* _WHAT TO DO_
Would you retype the listing word for word, skipping its pictures?

* _GIVEN MATERIAL_
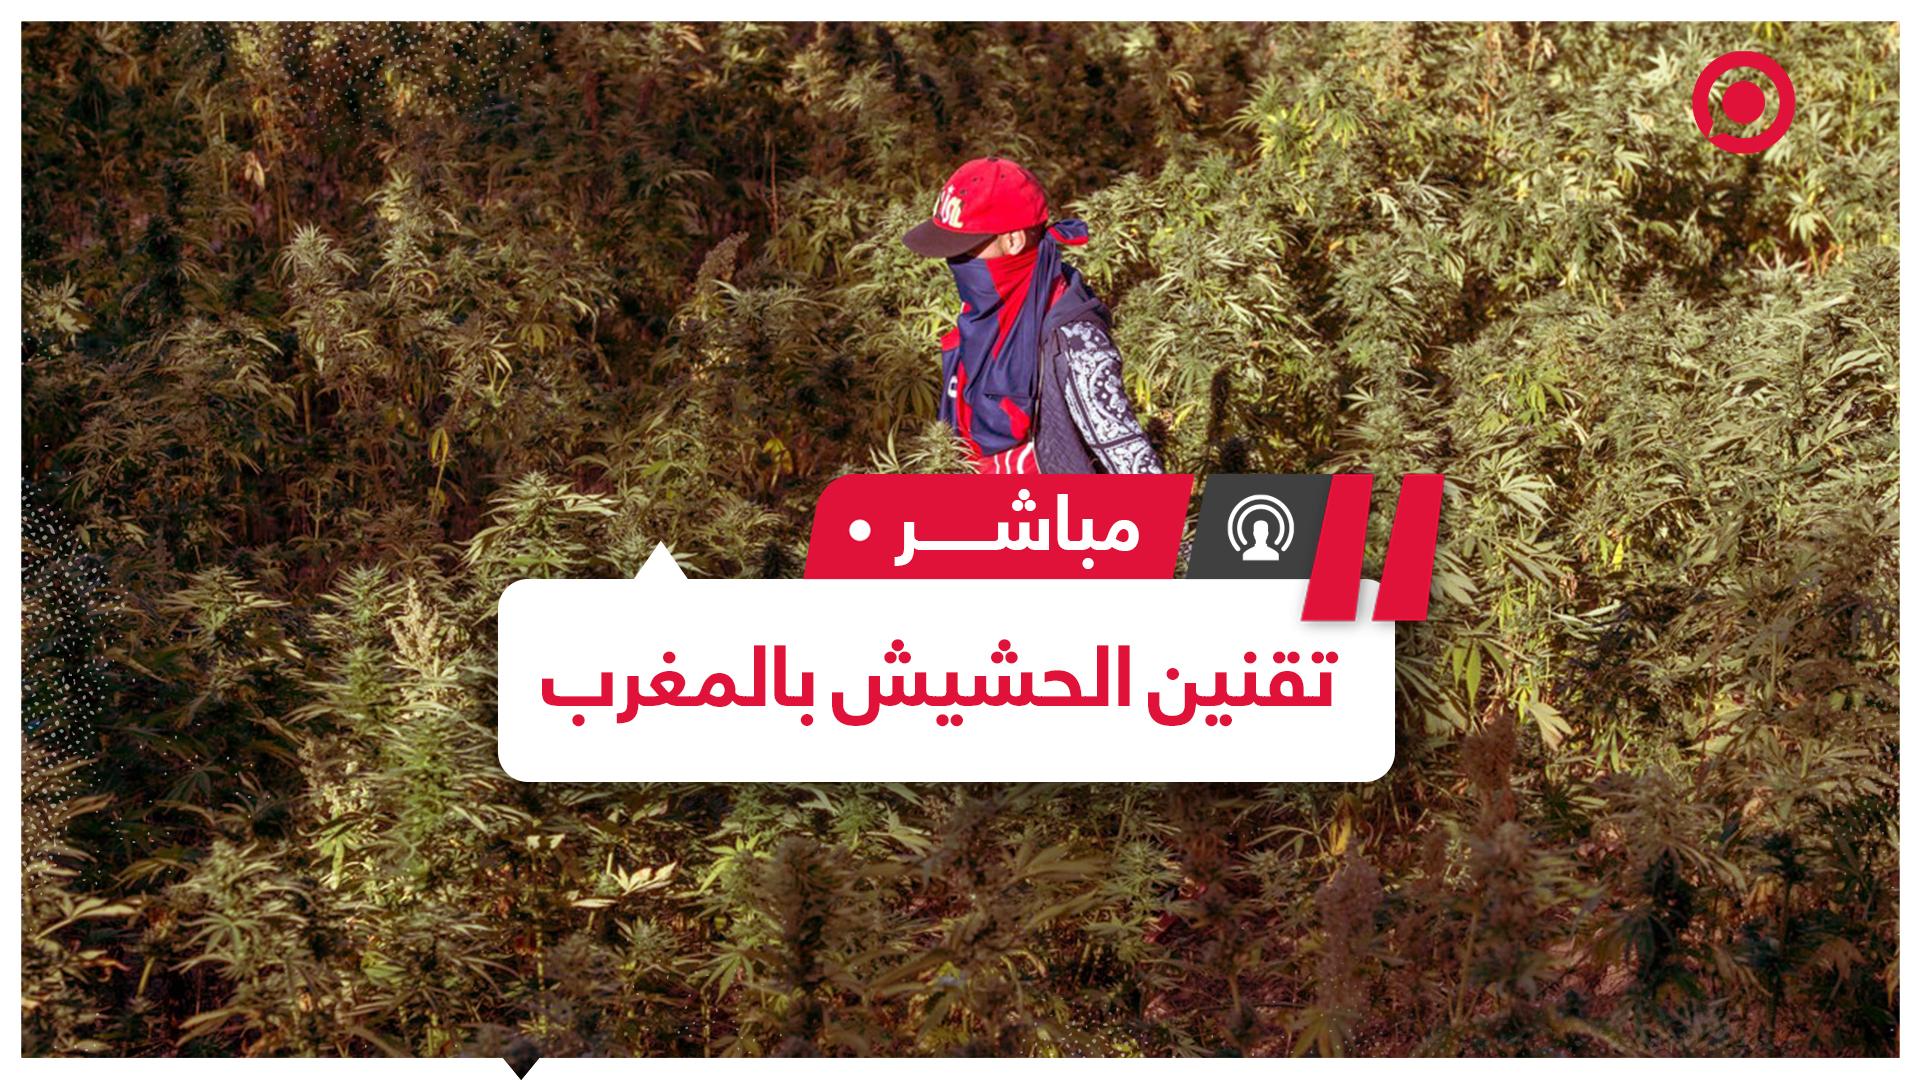 وزير الداخلية المغربي يطرح مشروع قانون لتقنين زراعة
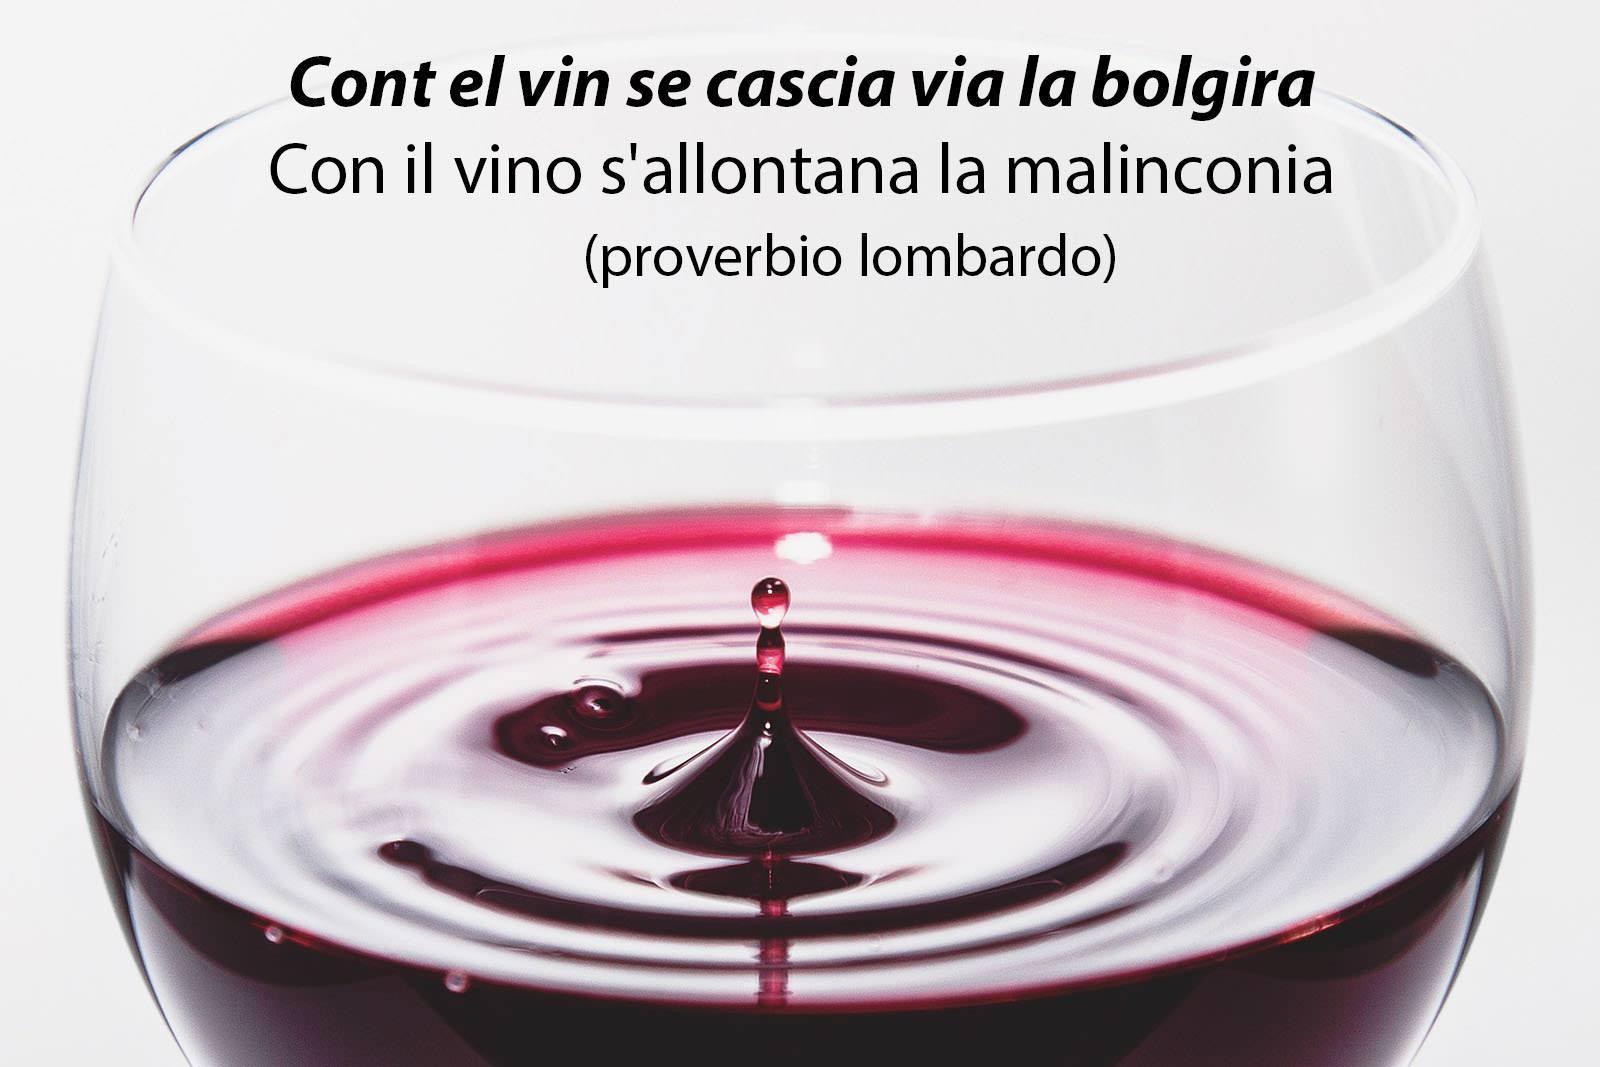 Proverbio Lombardo
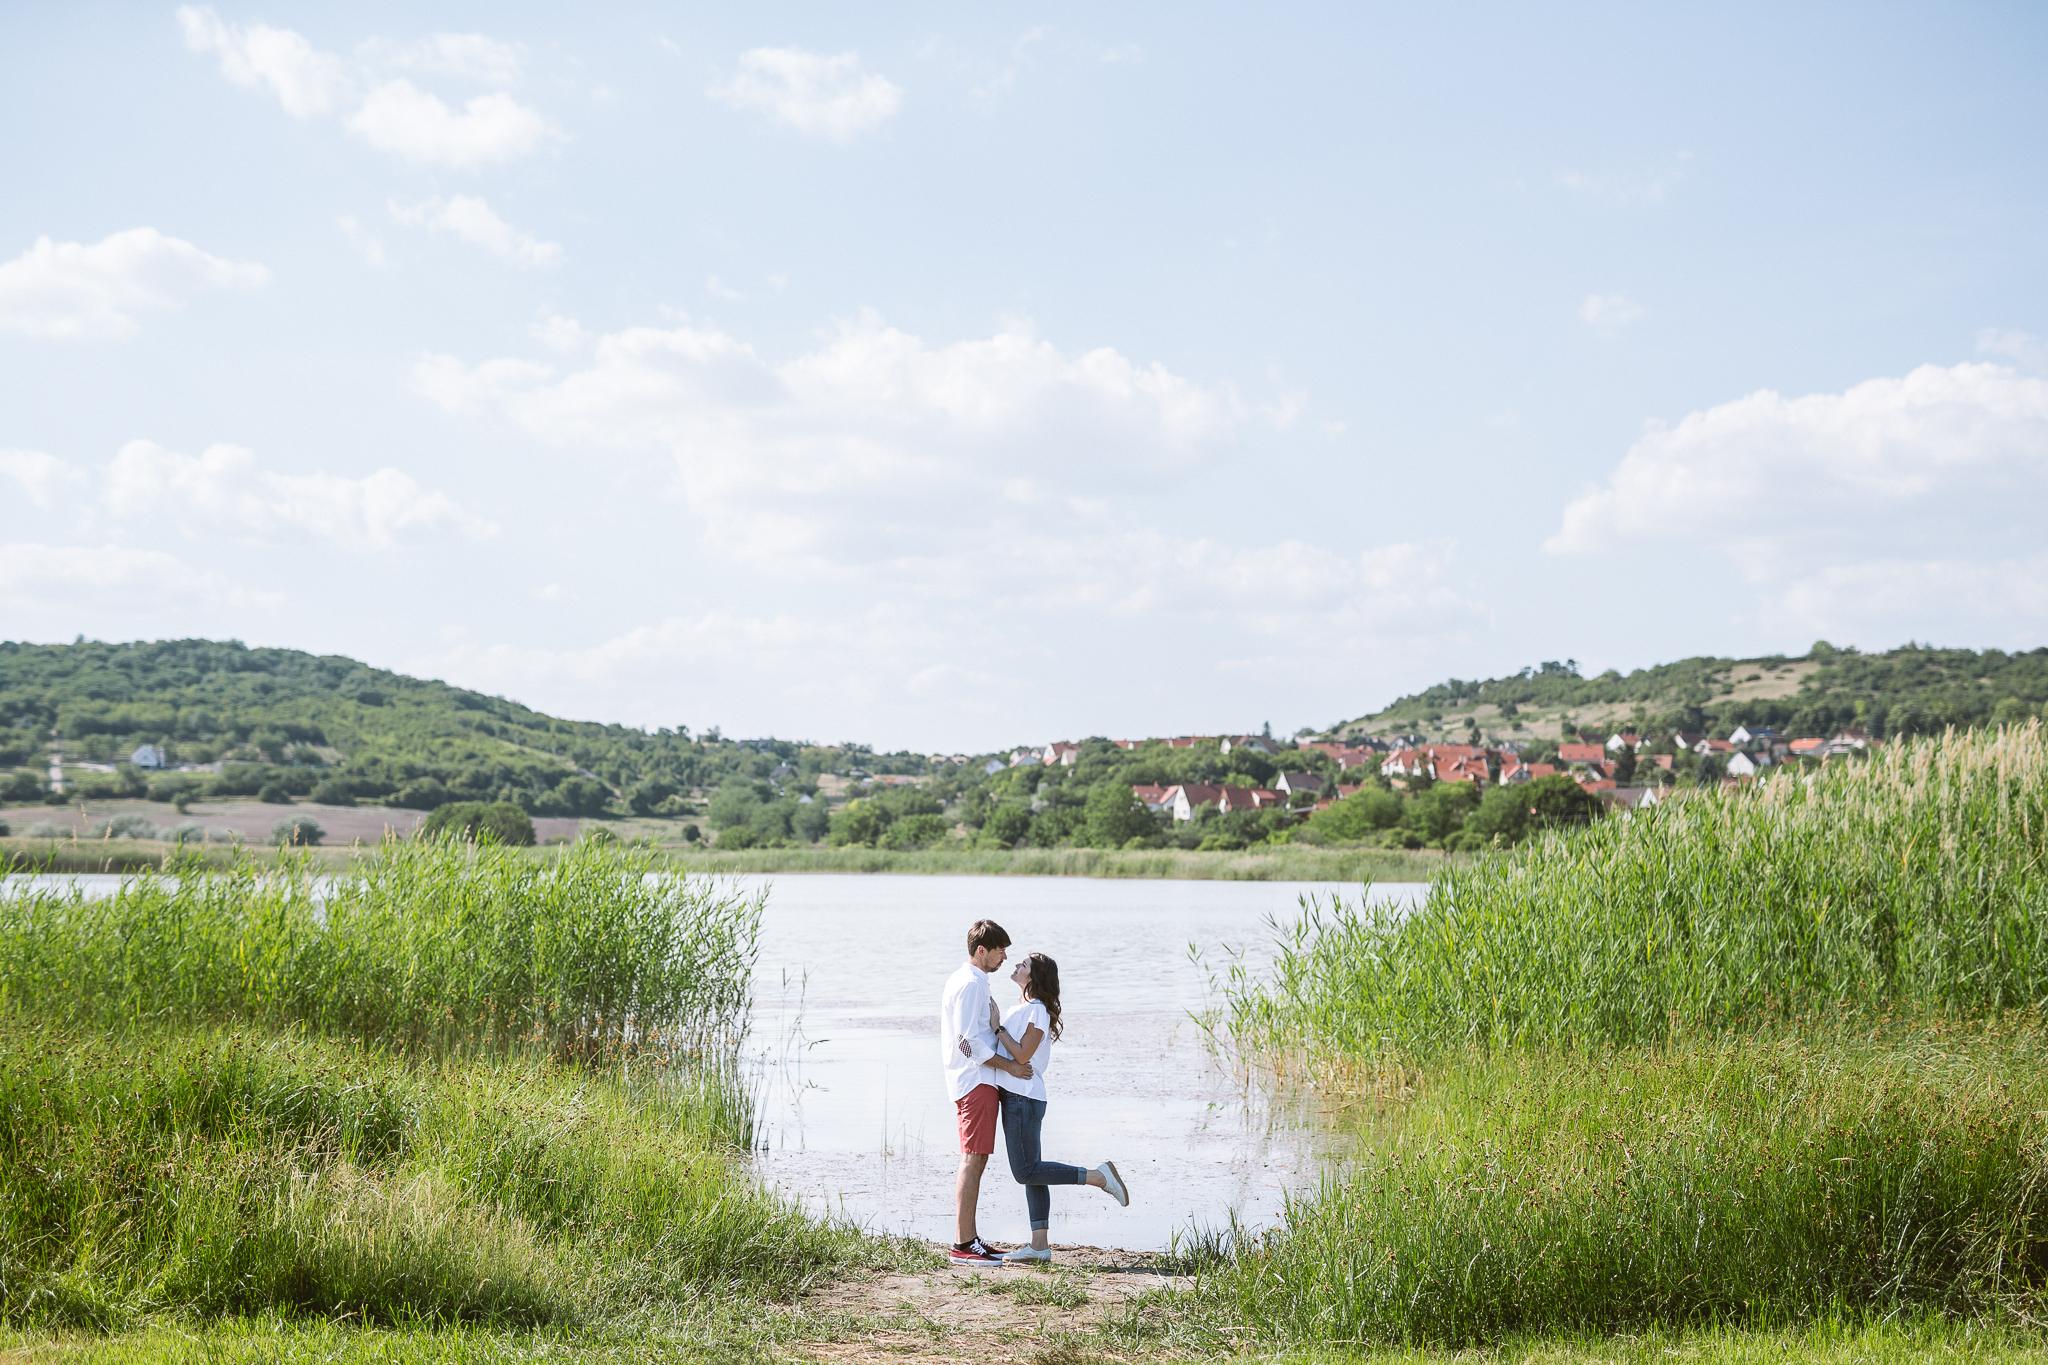 FylepPhoto, esküvőfotózás, magyarország, esküvői fotós, vasmegye, prémium, jegyesfotózás, Fülöp Péter, körmend, kreatív, tihany 20.jpg
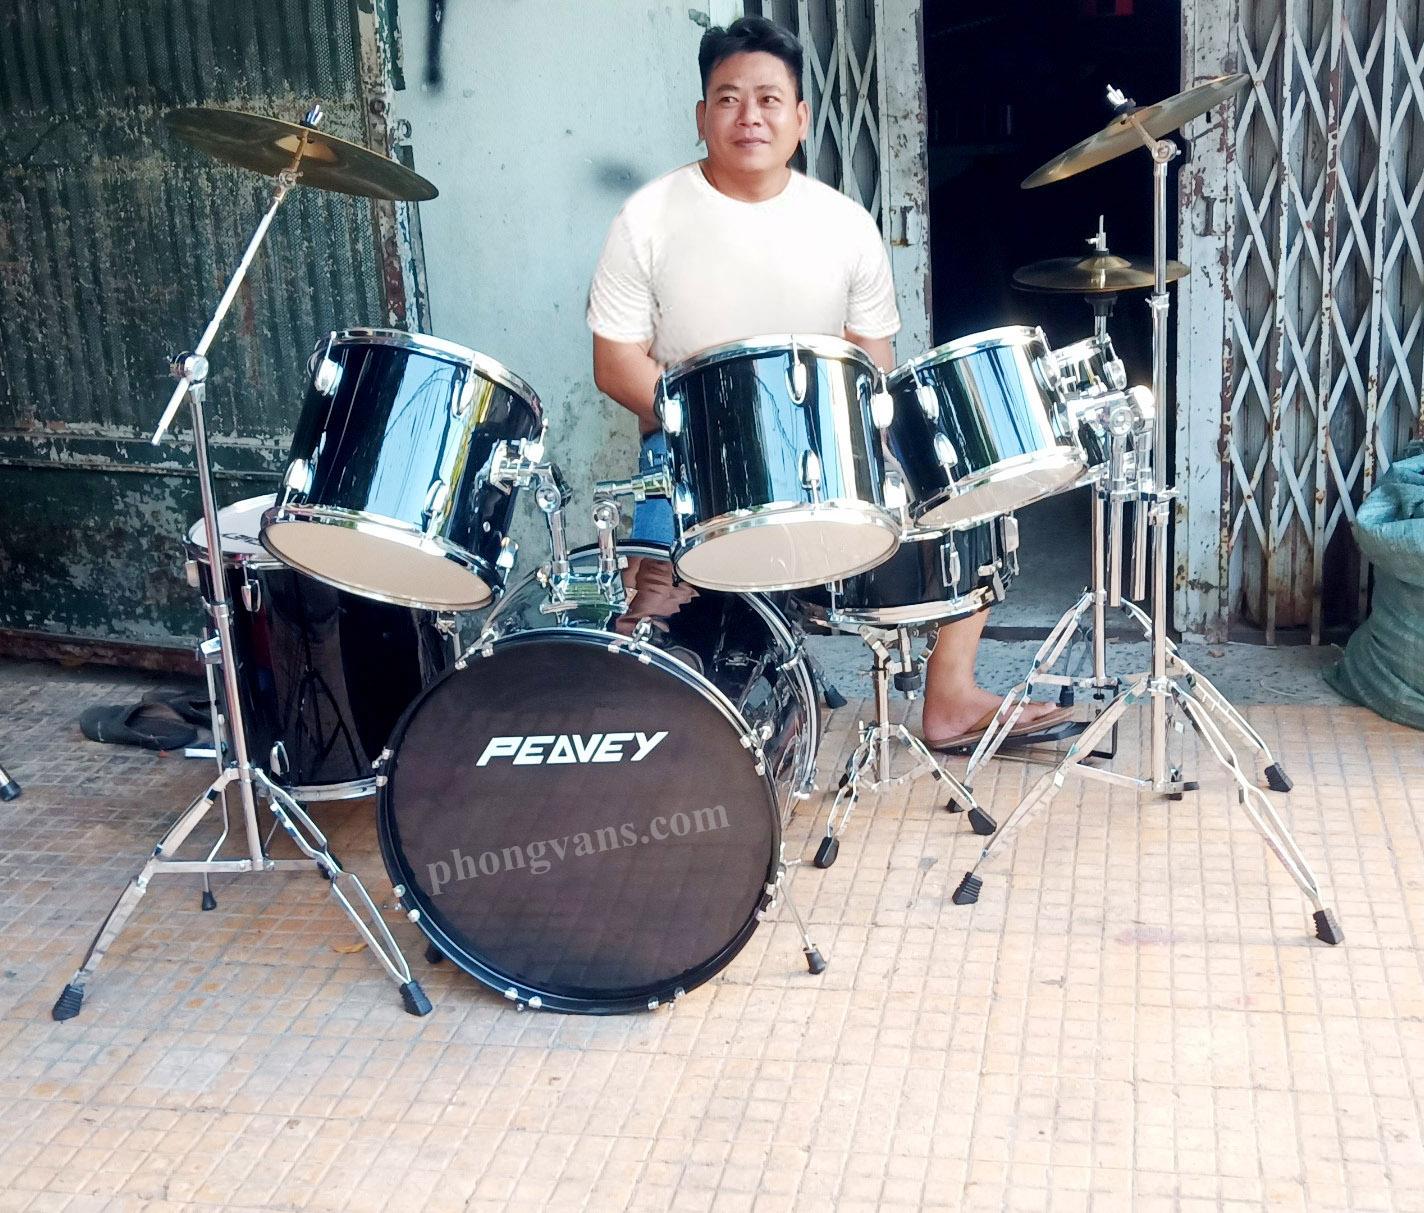 Bộ trống jazz Peavey drum màu đen

* _EXPECTED ANSWER_
 وزير الداخلية المغربي يطرح مشروع قانون لتقنين زراعة
 Proverbio Lombardo
 FylepPhoto, esküvőfotózás, magyarország, esküvői fotós, vasmegye, prémium, jegyesfotózás, Fülöp Péter, körmend, kreatív, tihany 20.jpg
 Bộ trống jazz Peavey drum màu đen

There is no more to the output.